— THE TASK —
Copy the listing exactly as given. Omit every picture.

— RECORDED INFORMATION —
● ● ● ● ● ● ●

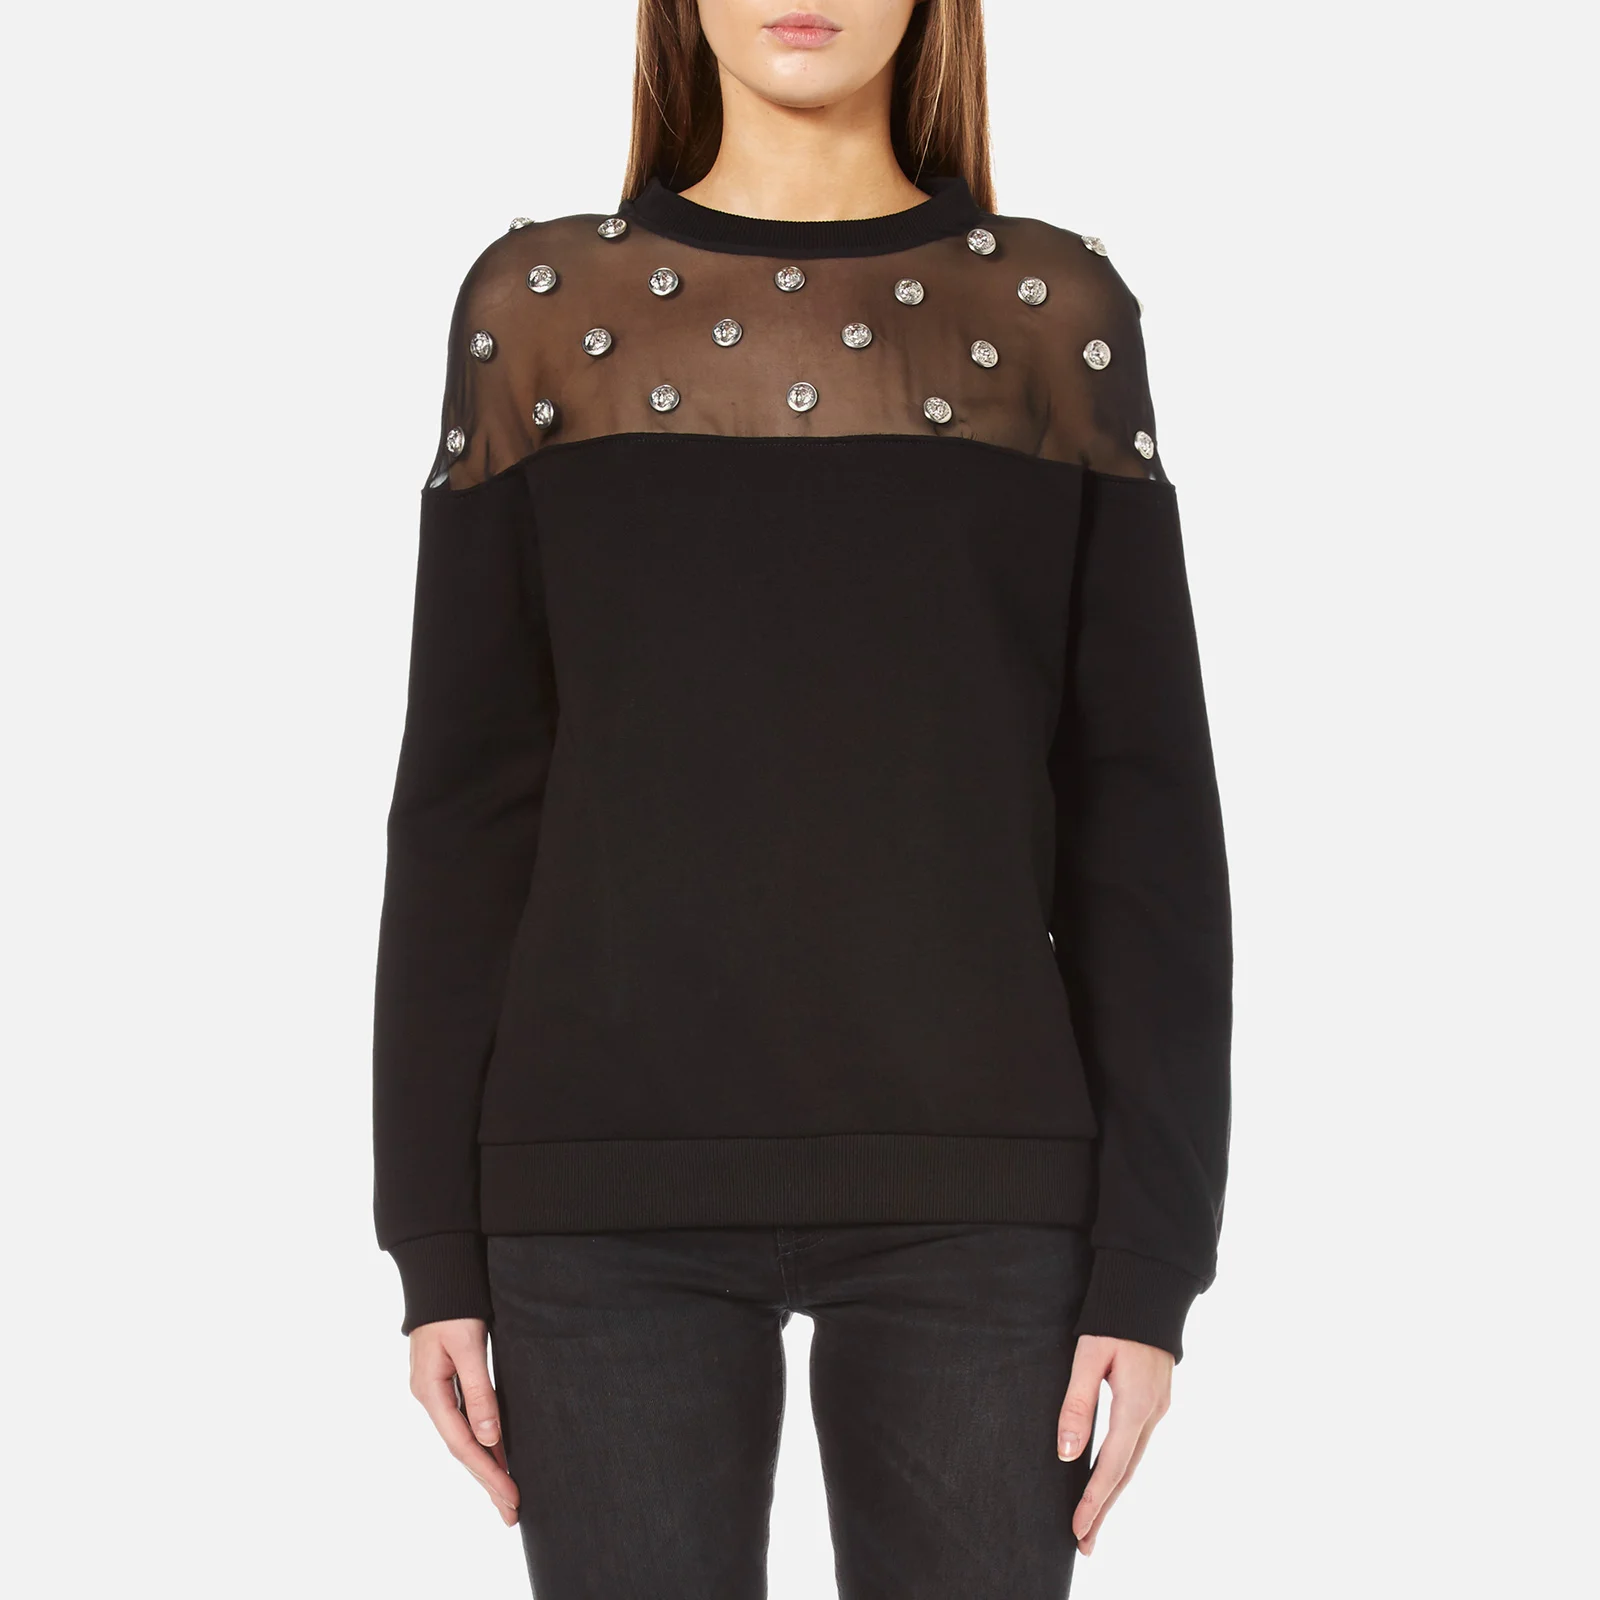 Versus Versace Women's Mesh Top Sweatshirt - Black Image 1
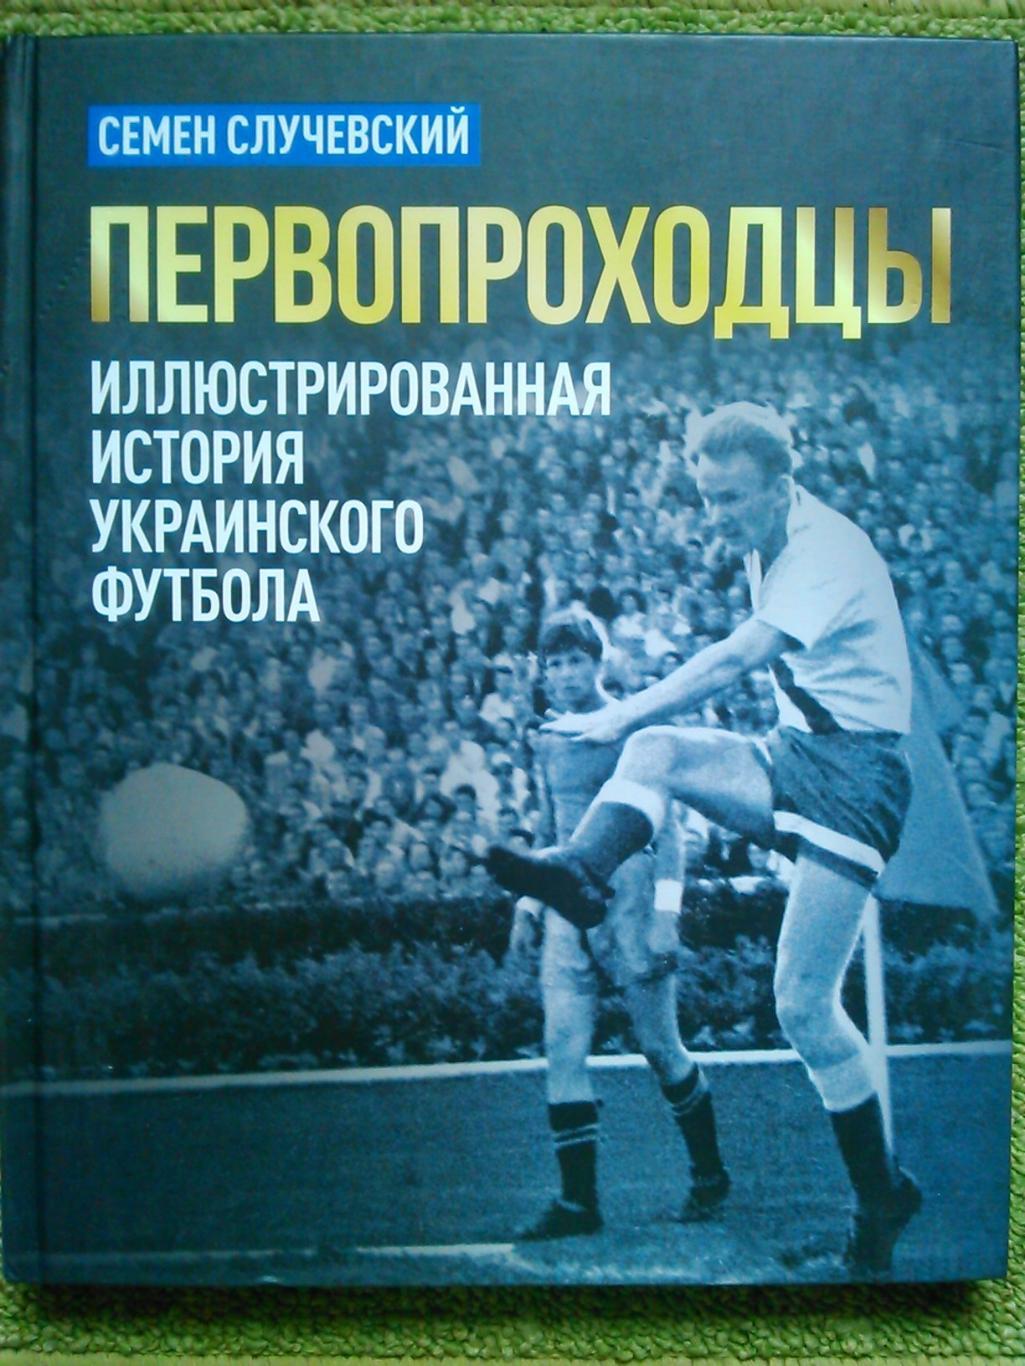 ПЕРВОПРОХОДЦЫ. Иллюстрированная история украинского футбола. Оптом скидки до 46%
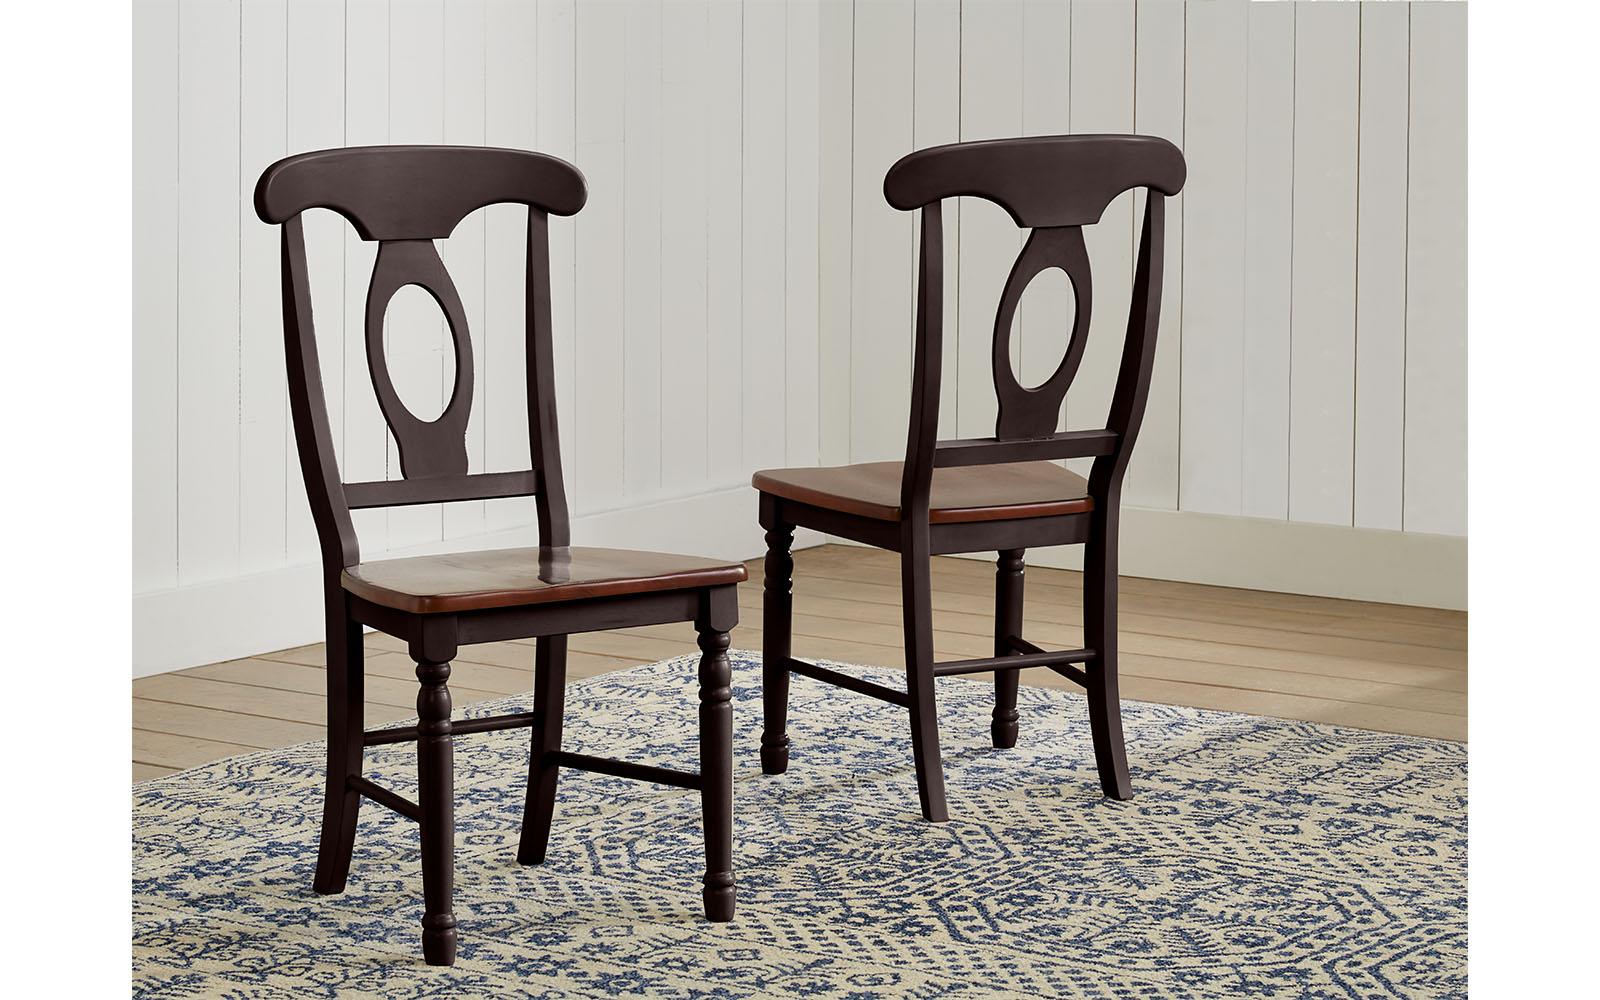 Rustic Dining Side Chair British Isles OB BRIOB285K-Set-2 in Black, Brown

● ● ● ● ● ● ●

— TASK OUTPUT —
 Versus Versace Women's Mesh Top Sweatshirt - Black Image 1
 ПЕРВОПРОХОДЦЫ. Иллюстрированная история украинского футбола. Оптом скидки до 46%
 Rustic Dining Side Chair British Isles OB BRIOB285K-Set-2 in Black, Brown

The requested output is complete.